The geometry used for calculating the dose deposition kernel (DDK)

These parameters for 4–24 MV were provided in Ahnesjö’s (1989) paper. We produced the DDKs as image data based on Ahnesjö’s (1989) paper. Figure 12.6 shows DDKs for 4, 6, and 10 MV based on Ahnesjö’s (1989) model. The lateral scattering decreases as the voltages of the linac increase. In addition, the forward scattering increases, and the shape of the DDKs becomes narrow for high voltages.

Fig. 12.6

Dose deposition kernels (DDKs) for 4, 6, and 10 MV based on an Ahnesjö’s model

12.2.2 Convolution/Superposition Method

According to the PBC method, the heterogeneity of tissues in the directions of primary photons can be calculated using the WEPLs for all points based on the electron density scaling method. However, the heterogeneity of tissues in the other directions can be ignored because of the fact that the homogeneity DDKs in the water, as expressed by Eqs. (12.9) and (12.10), are convolved in Eq. (12.1). Therefore, according to the convolution/superposition method, the DDK is modeled by considering the heterogeneity based on the electron density scaling method (Sharpe and Battista 1993; McNutt et al. 1996a, b; Liu et al. 1997). Figure 12.7 shows an illustration of the dose calculation differences between the PBC and convolution/superposition methods. The basic concept used in calculating the dose distributions for the convolution/superposition method is equal to that of the PBC method, except the modeling of the DDK. More specifically, the DDK used in the convolution/superposition method can be expressed by

$K^{\prime}\left(\mathbf{r}-\boldsymbol{\uptau} \right)=\frac{A_{\theta}{\mathrm{e}}^{-{a}_{\theta}{l}_w}+{B}_{\theta}{\mathrm{e}}^{-{b}_{\theta}{l}_w}}{l_w^2},$

(12.11)

where

${l}_w= W\left(\mathbf{r}-\boldsymbol{\uptau} \right).$

(12.12)

Fig. 12.7

An illustration of the dose calculation differences between the pencil beam convolution (PBC) method and the convolution/superposition method

In order to model the DDK in the convolution/superposition method, the WEPL between the interaction point and the deposition point is required (instead of the physical distance); that is because the heterogeneity (i.e., variation in the relative electron density) must be considered. Although the dose distributions calculated by considering the heterogeneity in all directions are more accurate (as compared to the PBC method), it should be noted that the dose calculation is time-consuming because of the fact that the DDK must be modeled for each point.

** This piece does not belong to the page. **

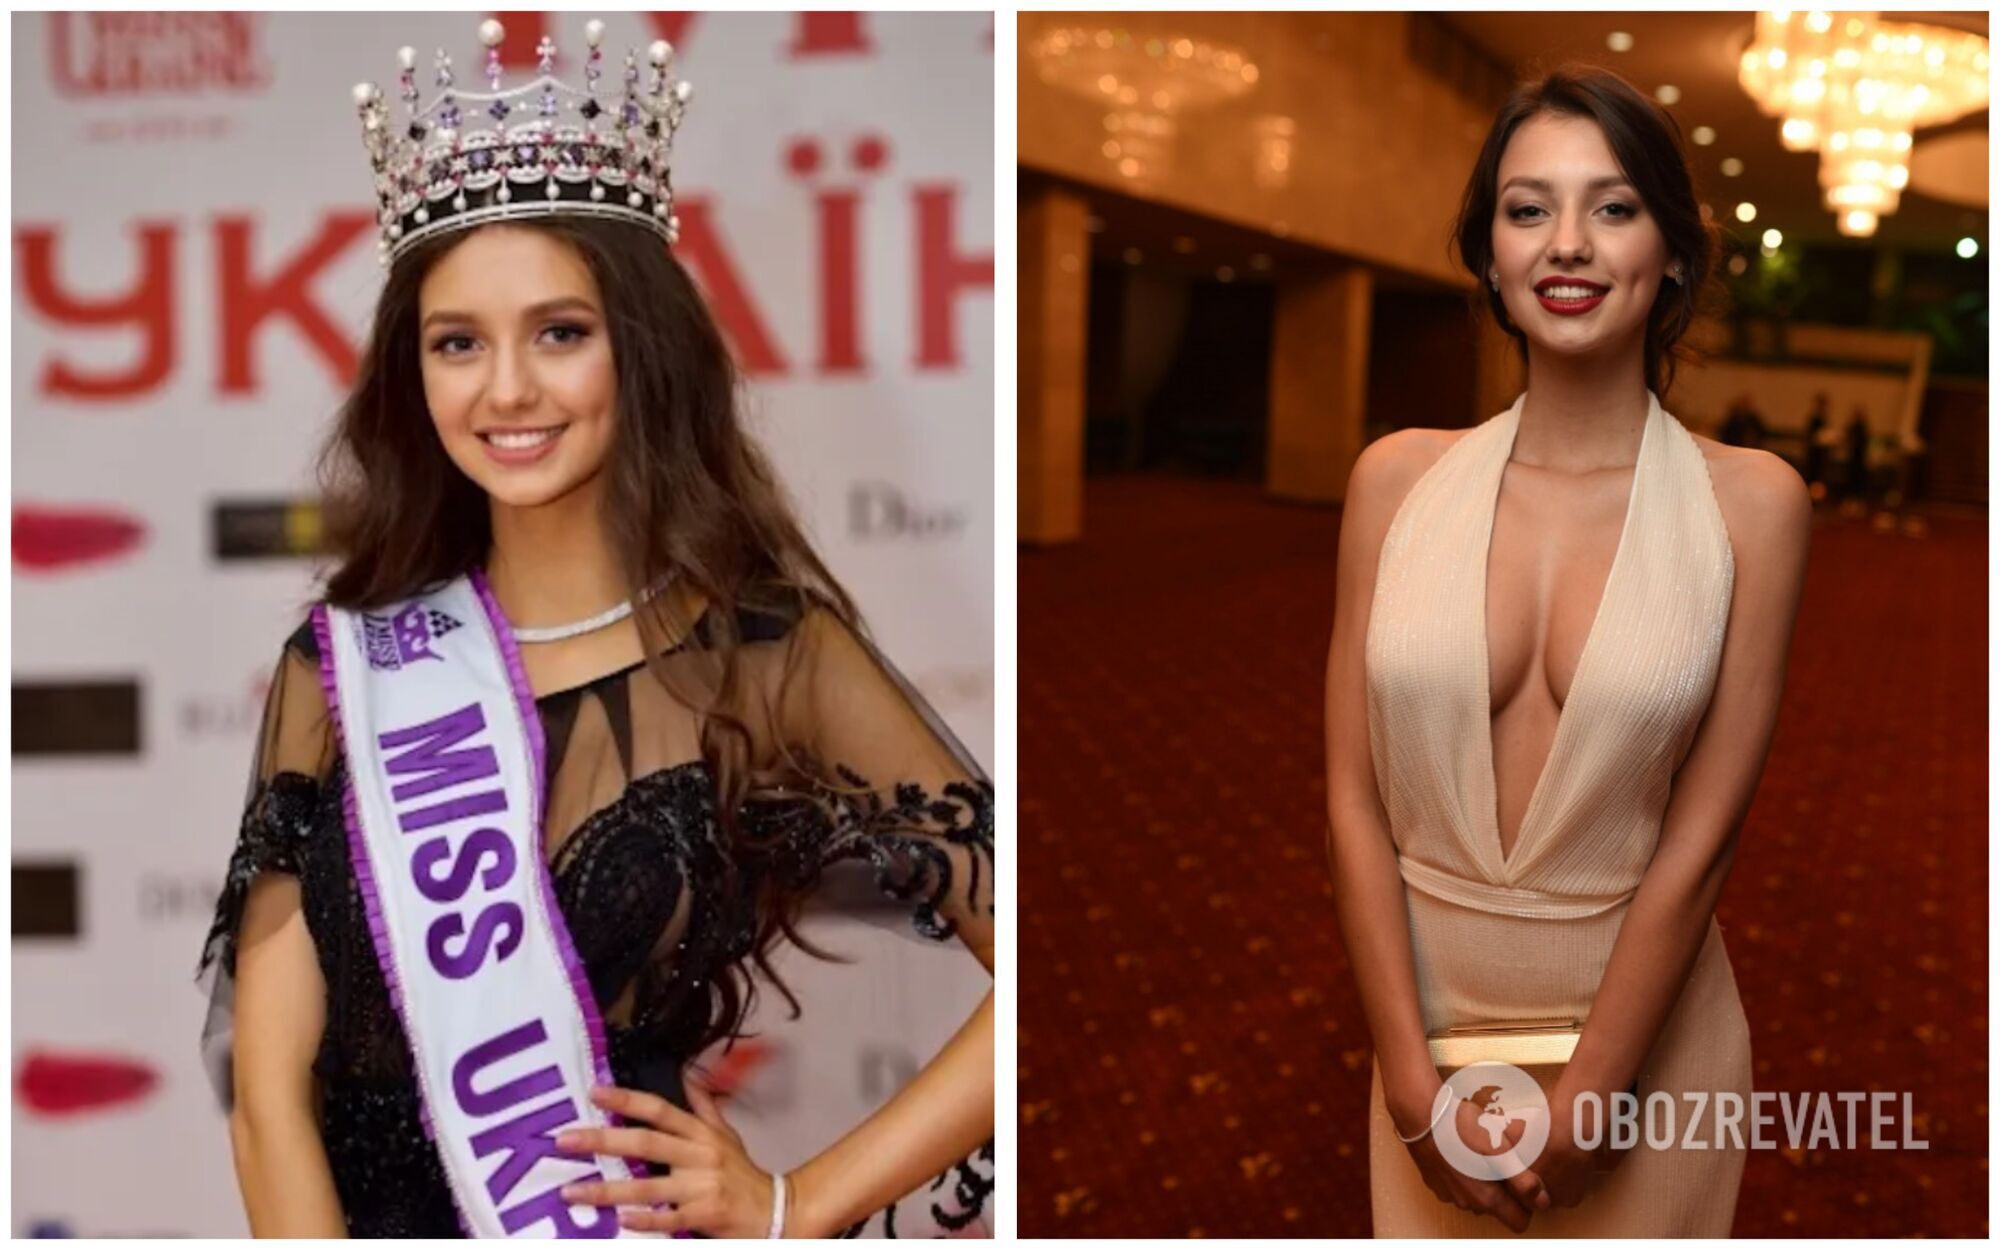 "Міс Україна" 2017 року: Поліна Ткач тоді і зараз

12.3 Estimation of Delivered Dose Distributions Based on Electronic Portal Imaging Device Images

Electronic portal imaging device (EPID) images are taken before the actual dose delivery in order to verify whether the patients are appropriately positioned on a treatment couch in the radiation therapy based on the treatment plan. More specifically, these images are compared with digitally reconstructed radiograph (DRR) images that are derived from planning CT images. Since the EPID detector can also acquire dynamic portal images acquired using therapeutic beams during treatment delivery, tumor motions can be monitored on the EPID during the treatment delivery.

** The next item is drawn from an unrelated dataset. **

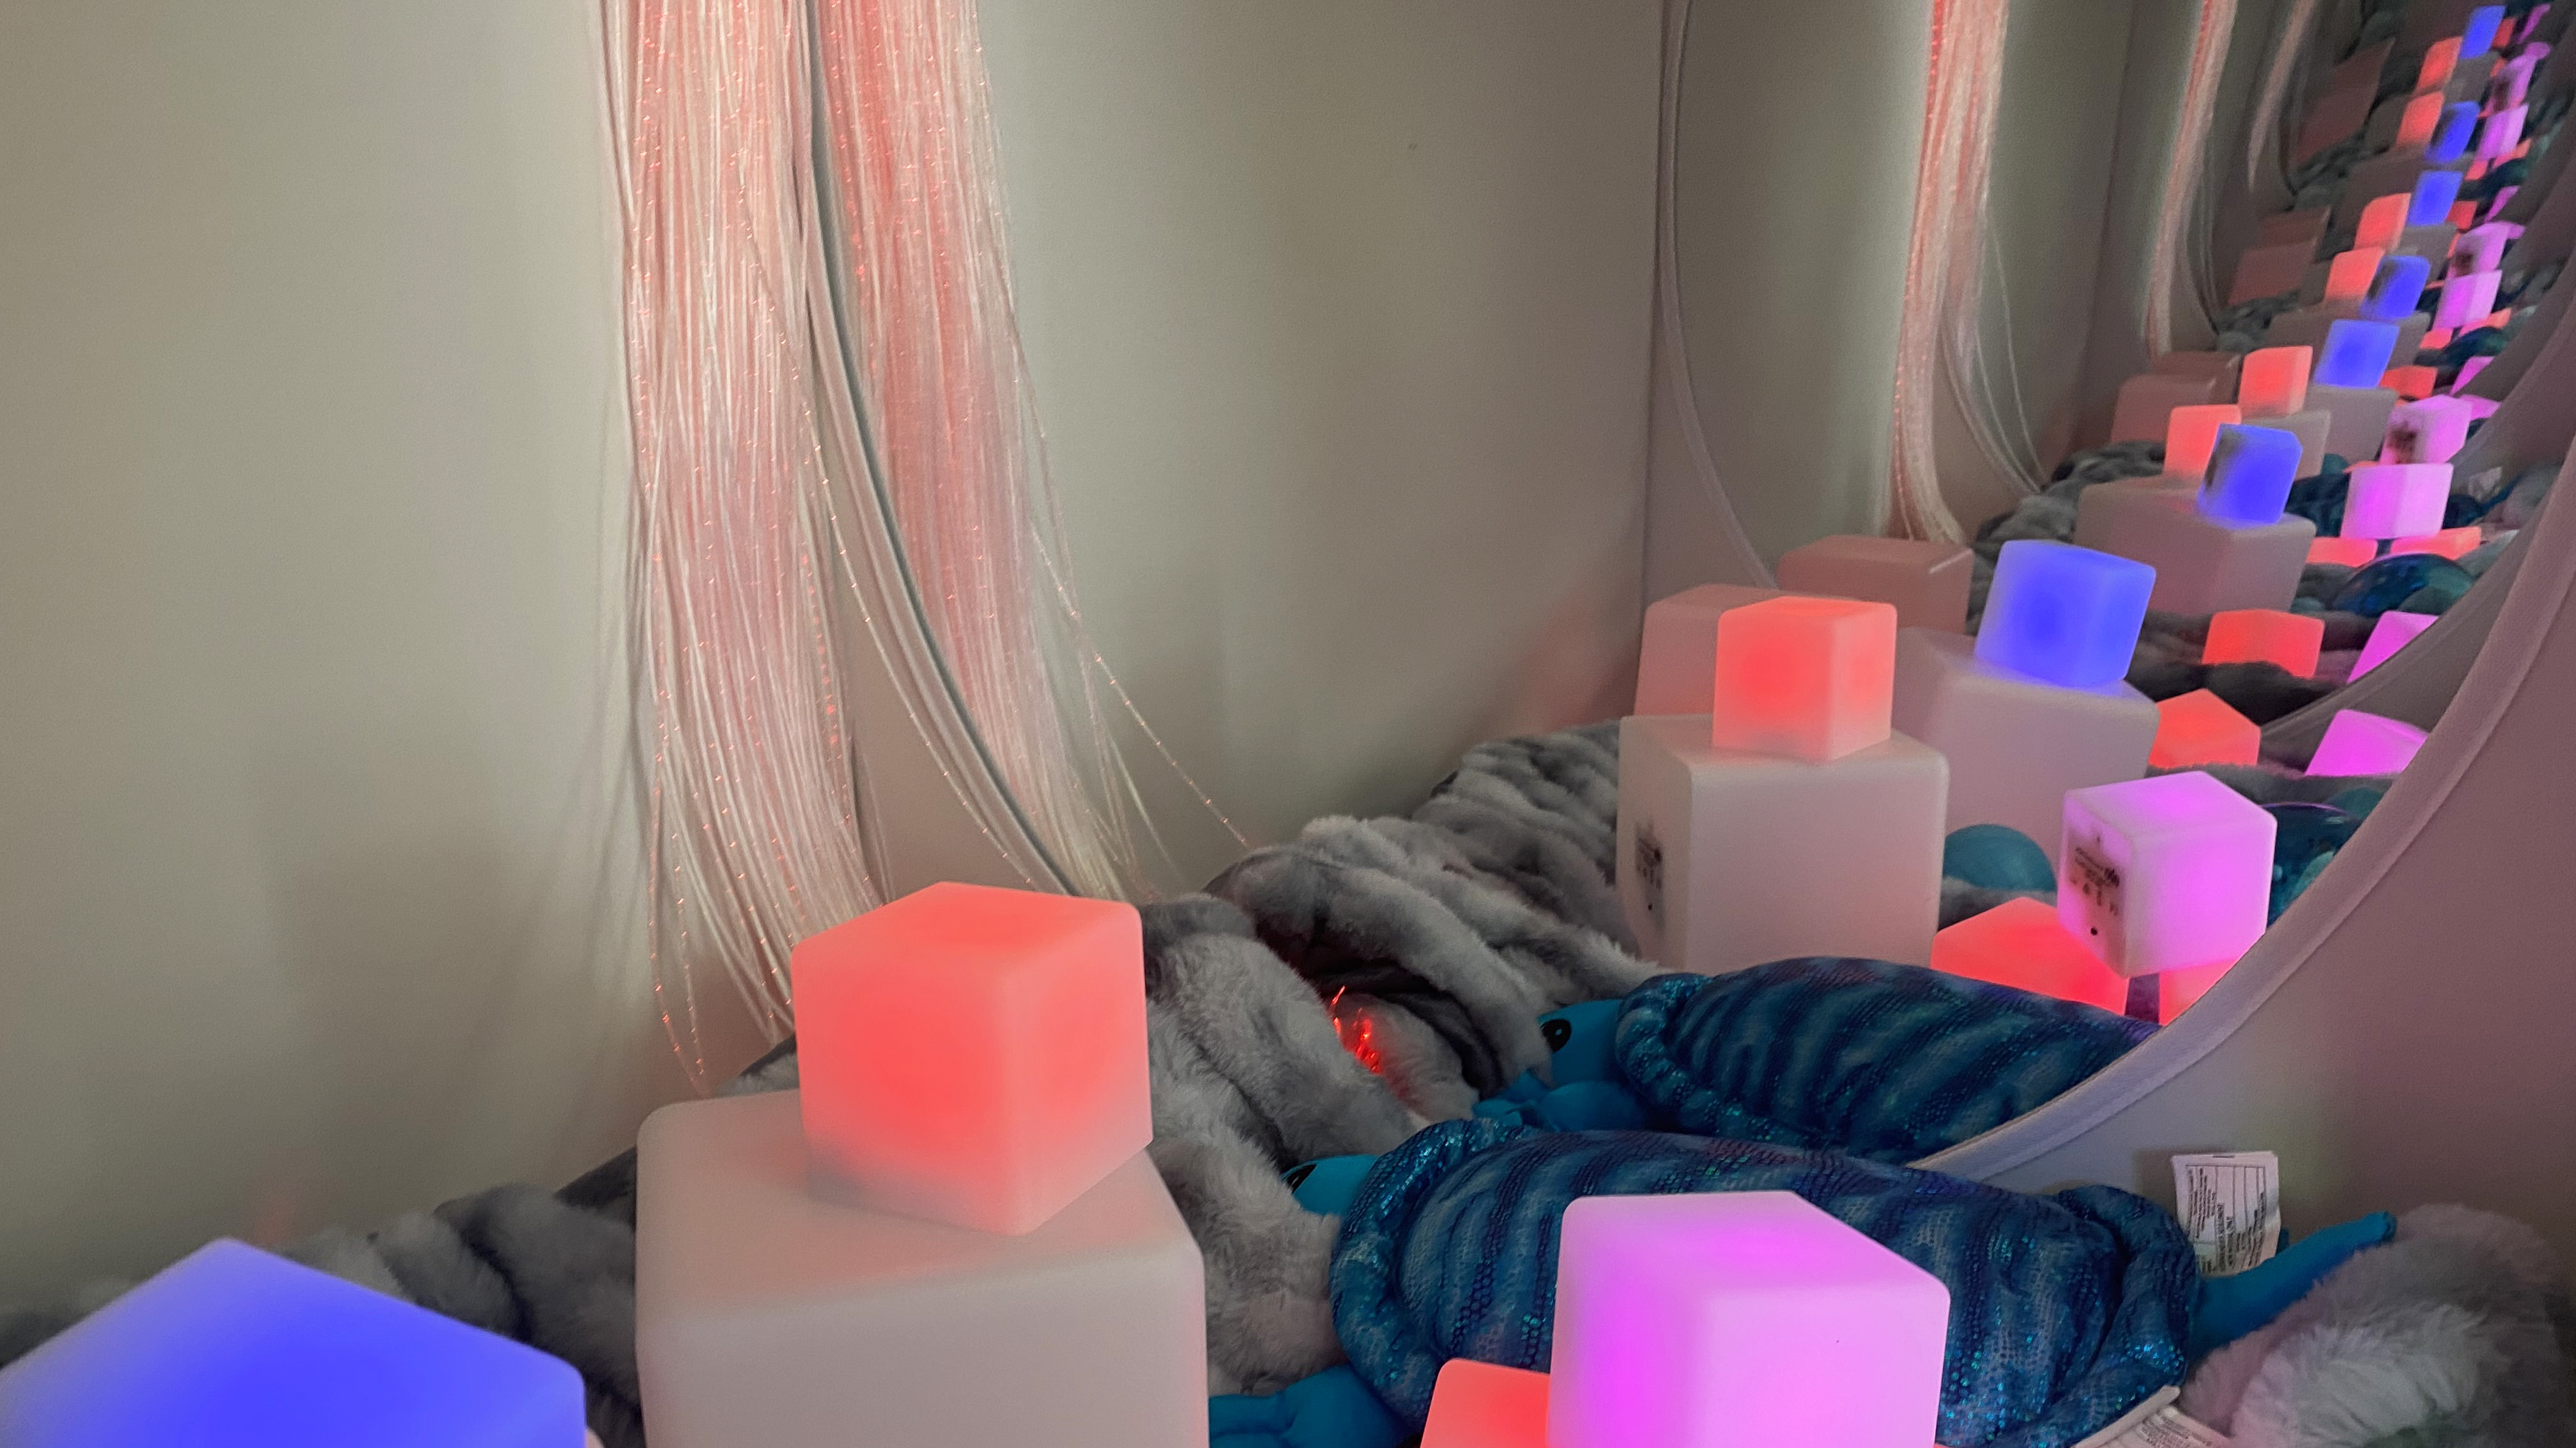 Ett kryp in med lugnade lysande kuber i olika färger, speglar och lampa

Certain studies have estimated 2D dose distributions on the EPID detector plane based on the portal images (Heijmen et al. 1995; Pasma et al. 1998; de Boer et al. 2000; Greer and Popescu 2003; Chen et al. 2006; Mizoguchi et al. 2013). Chen et al. (2006) proposed two main clinical applications for estimating the 2D dose distributions on the EPID detector planes, which were verification of the delivered energy fluence in IMRT, and monitoring the exit-beam dose distribution from the patient during the treatment time. In this section, an effective method for estimating the delivered 2D dose distributions using the EPID images based on previous studies (and in particular the approach of Chen et al. (2006)) is introduced.

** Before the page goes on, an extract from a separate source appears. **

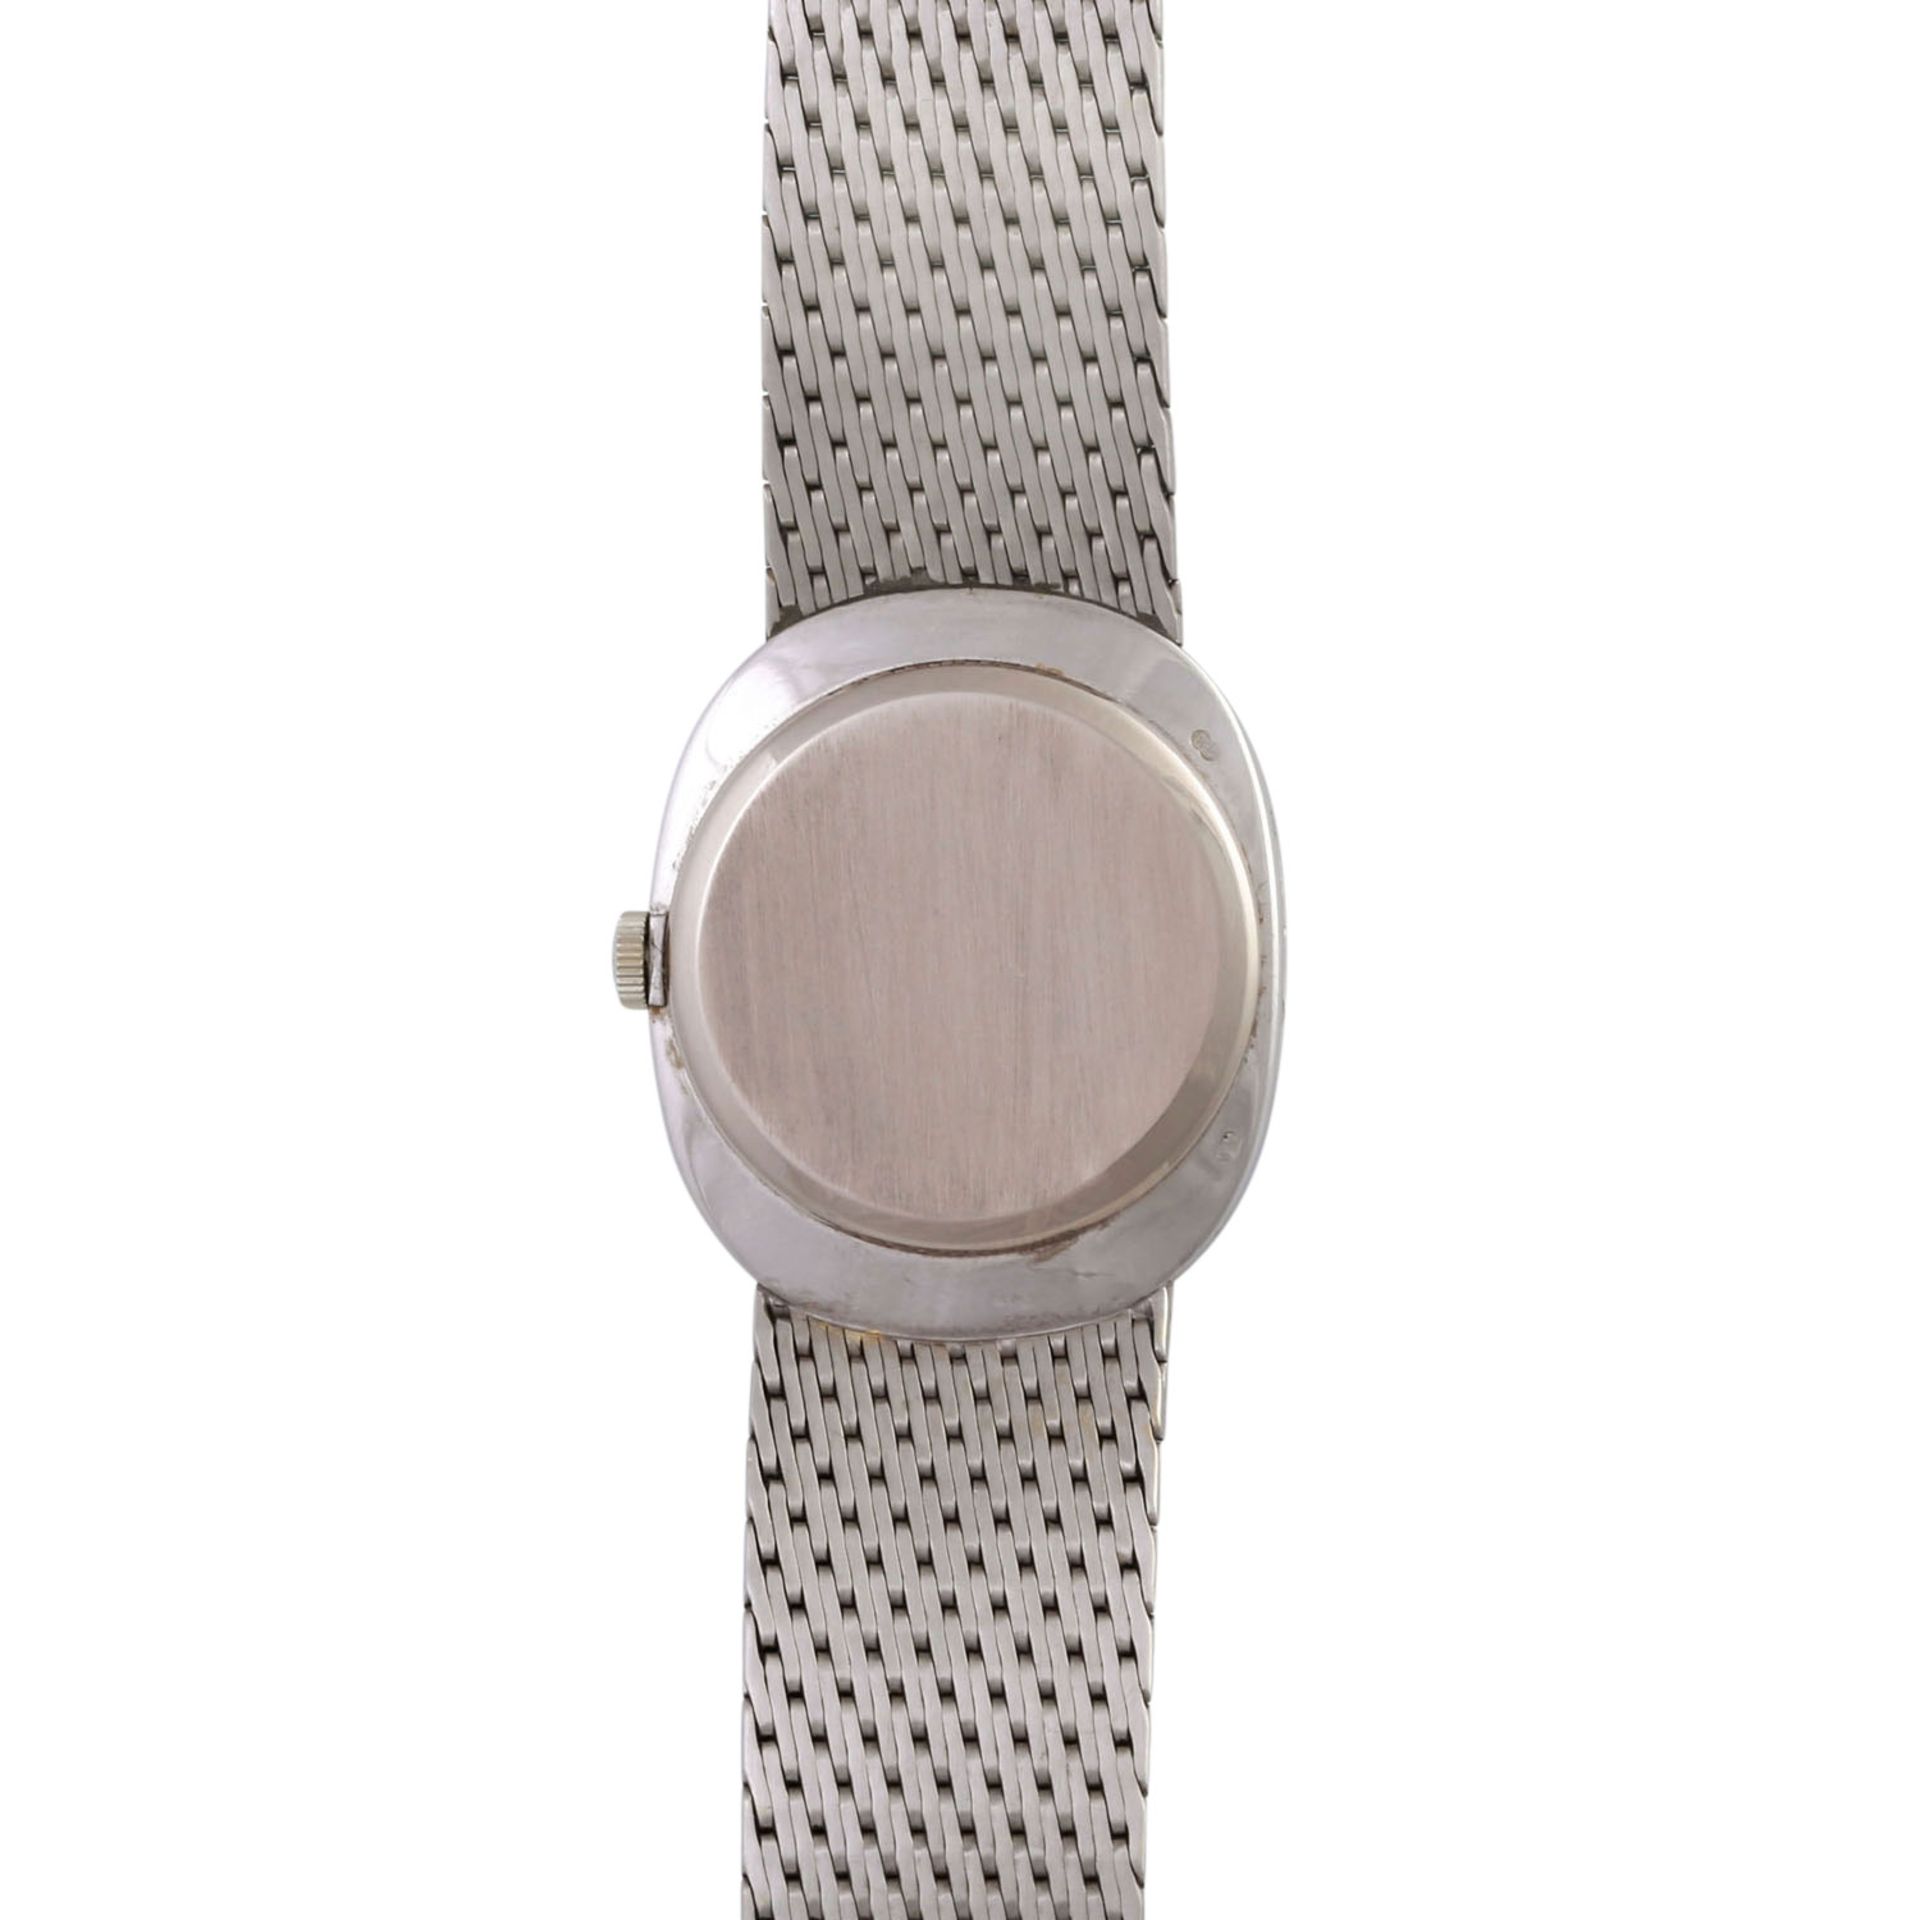 PATEK PHILIPPE Ellipse D'or Vintage Armbanduhr, Ref. 3748/1, ca. 1960/70er Jahre.Weißgold 18K. - Bild 2 aus 7

The basic approach of the method is to convert the EPID images into images that represent the 2D dose distributions in a water-equivalent phantom at the same level of the EPID detector planes (hereafter referred to as the portal dose images (PDIs)). Figure 12.8 shows a conceptual diagram for calculating PDIs based on the method of Chen et al. The EPID images include signals of laterally scattered photons in the EPID. Therefore, an EPID signal can be formulated by

${i}_E\left(\mathbf{r}\right)=\iint {p}_E\left({\mathbf{r}}^{\prime}\right)\cdot {k}_E\left(\mathbf{r}-{\mathbf{r}}^{\prime}\right) d{\mathbf{r}}^{\prime }={p}_E\left(\mathbf{r}\right)\ast {k}_E\left(\mathbf{r}\right),$

(12.13)

where i _Eis the EPID signal, p _Eis the incident primary X-ray signal, k _Eis the lateral scatter kernel (LSK) of the EPID, r is the position vector in the spatial domain, and r′ is a shift vector in the spatial domain. The incident primary X-ray signals are extracted by deconvolving the EPID signals from the LSK of the EPID. The deconvolution can be performed in the spatial frequency domain, as follows:

Fig. 12.8

A conceptual diagram for calculating portal dose images (PDIs) based on the method of Chen et al. (2006)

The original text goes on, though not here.